═════ Raw data ═════

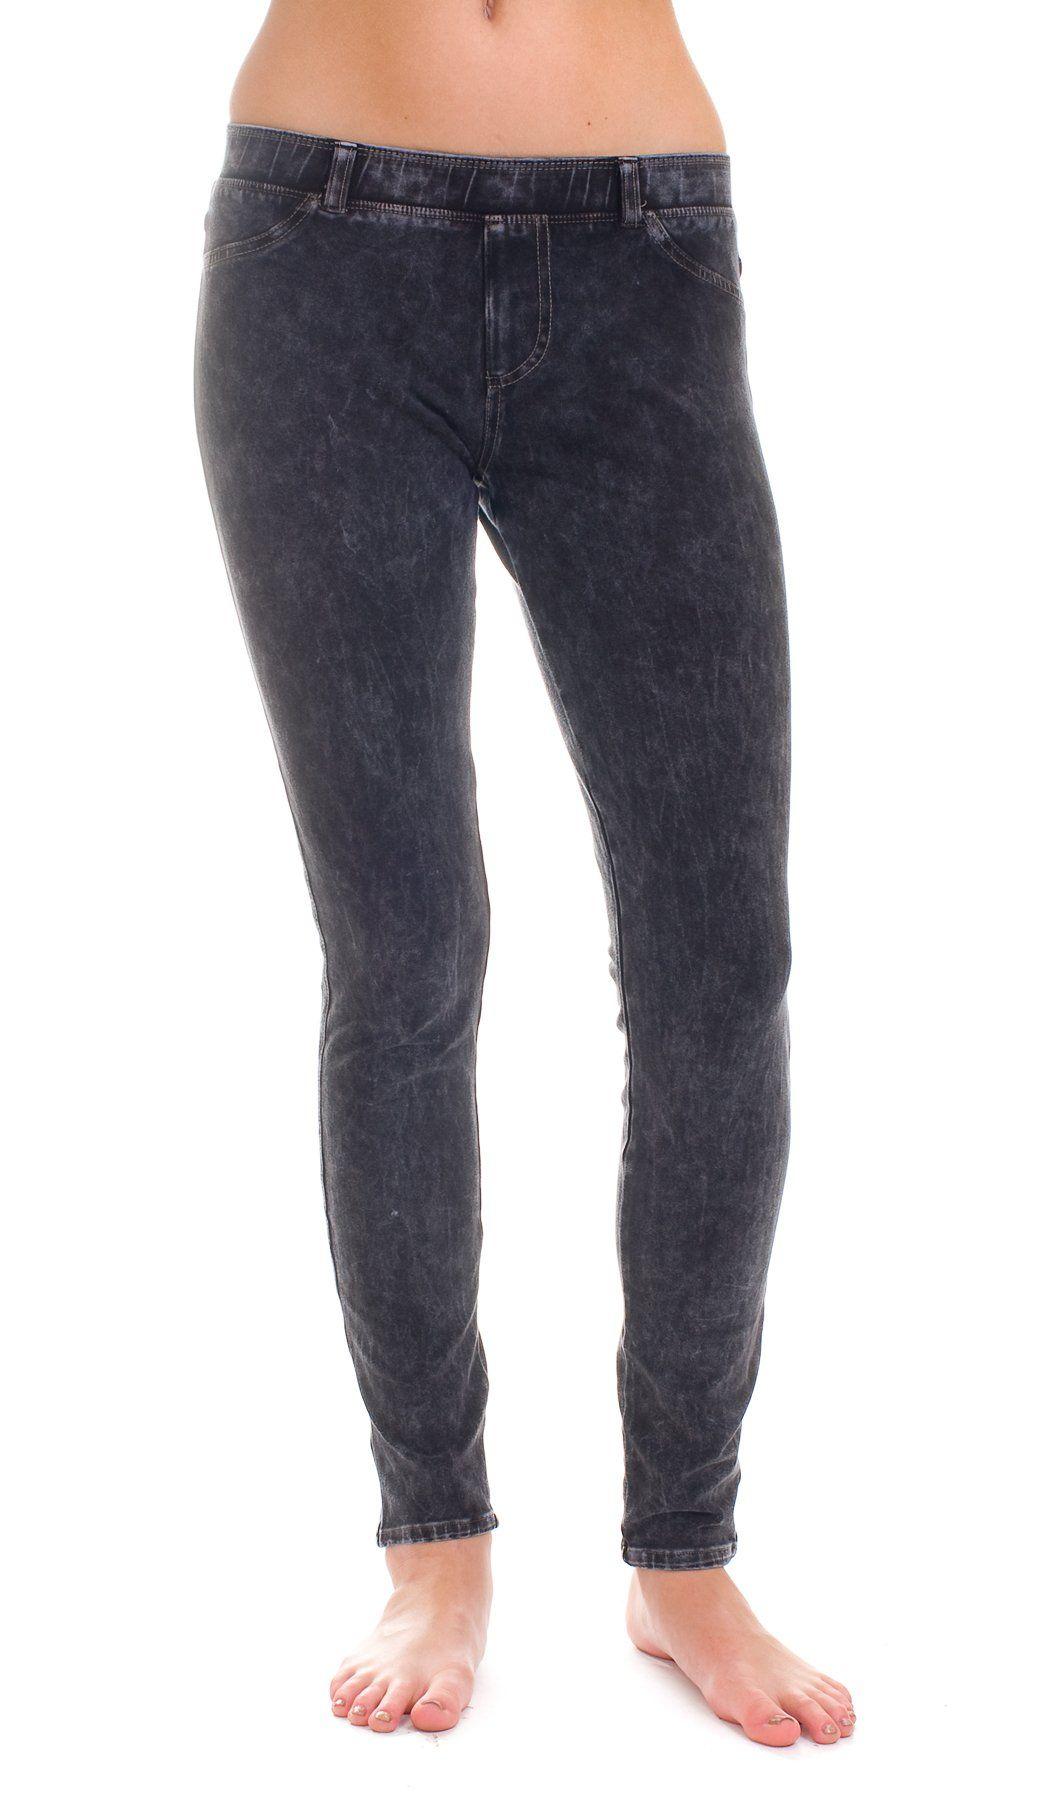 61b0ec8da6 Hard Tail denim wash leggings (charcoal) (small). 90% cotton/10 ...
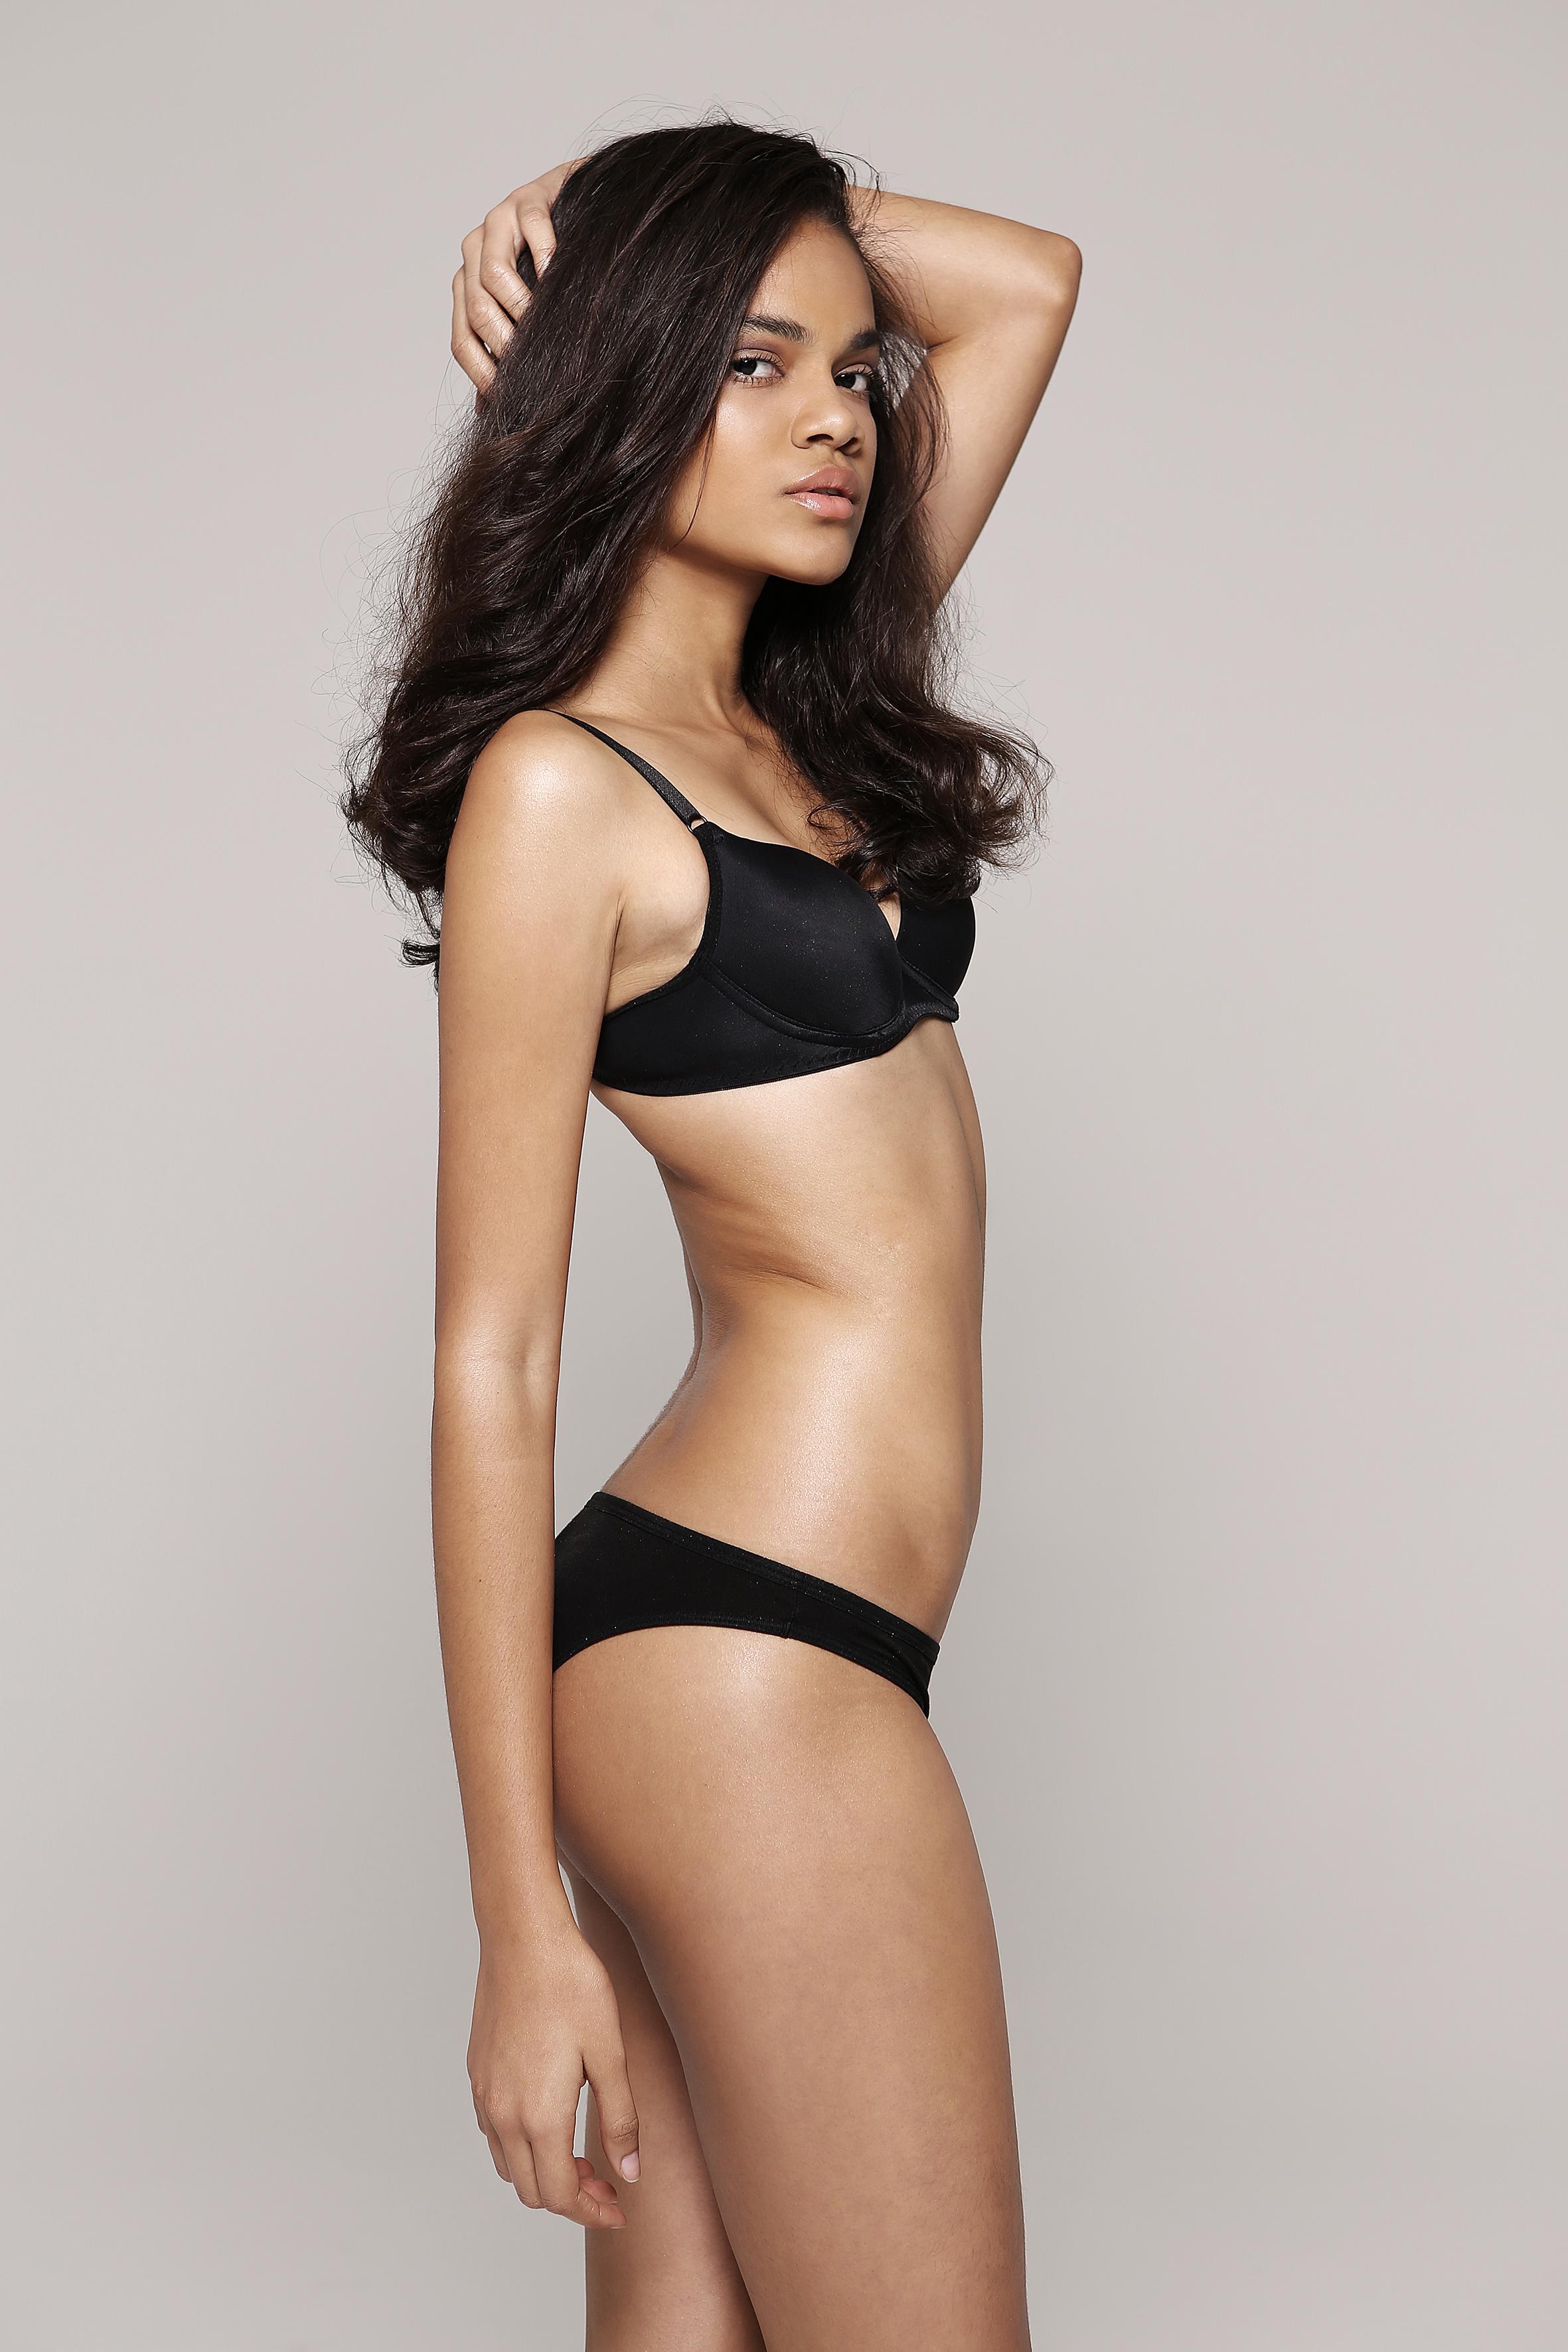 Aricia Lima para way model
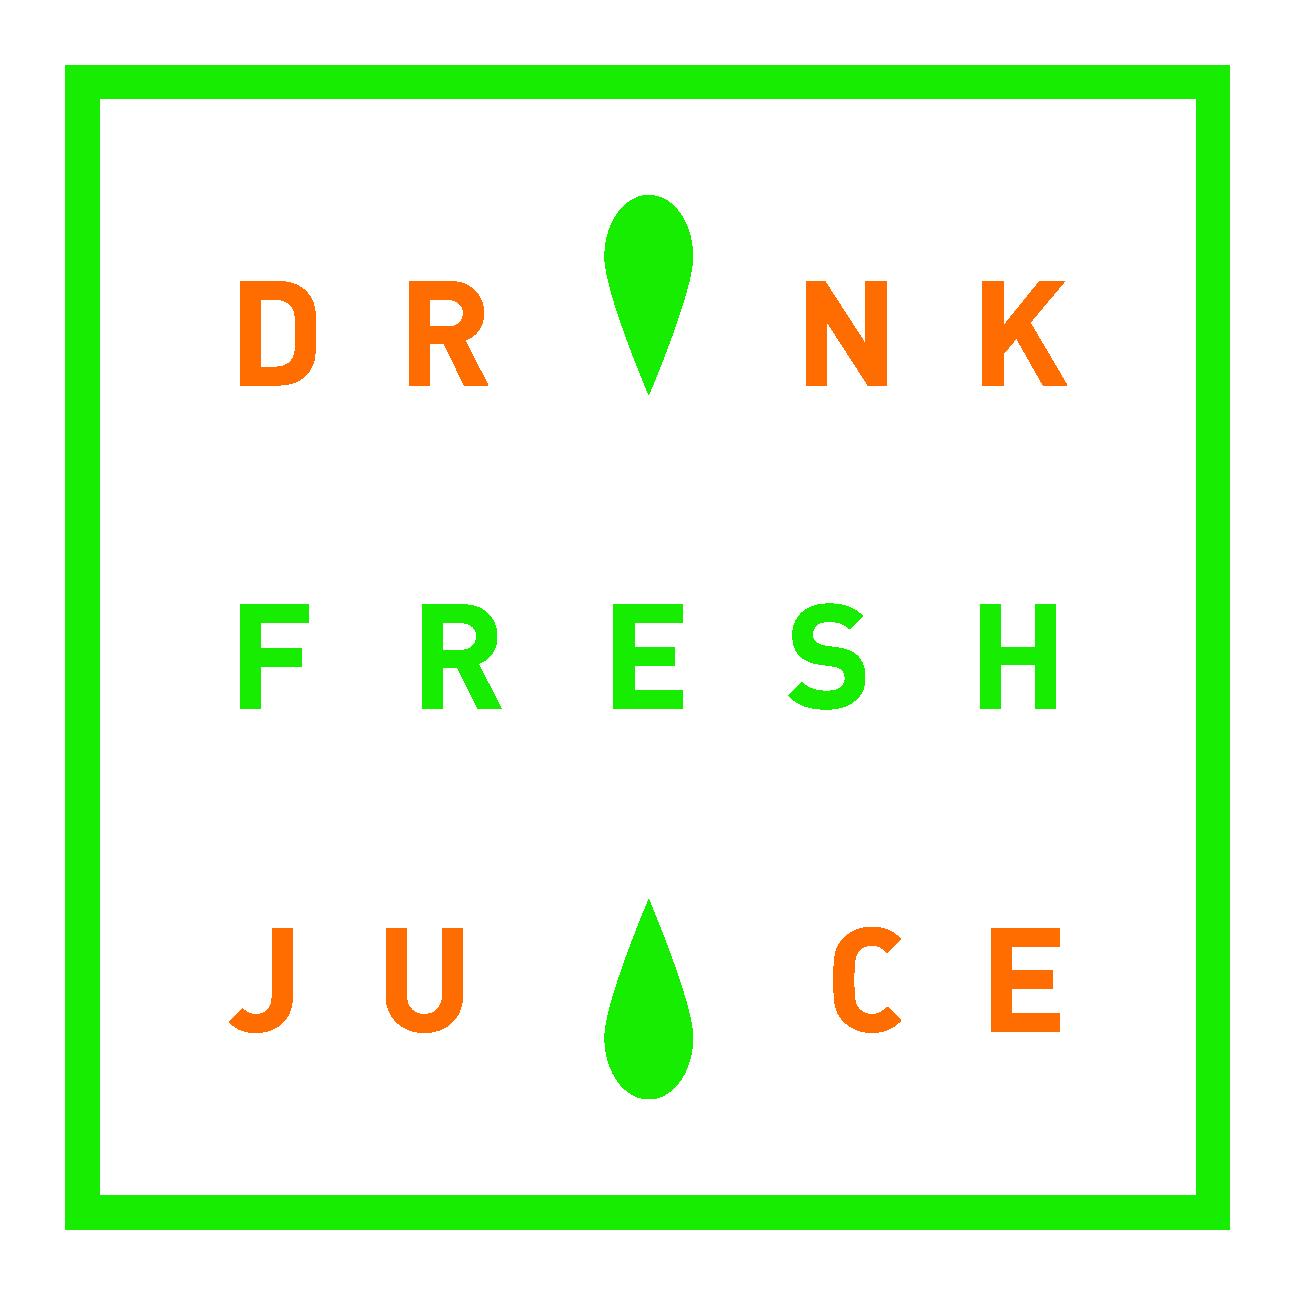 Drink_Fresh_Juice_logo_1296px

═════

Task description:
Reproduce the data word for word without its images.

Task output:
 61b0ec8da6 Hard Tail denim wash leggings (charcoal) (small). 90% cotton/10 ...
 Aricia Lima para way model
 Drink_Fresh_Juice_logo_1296px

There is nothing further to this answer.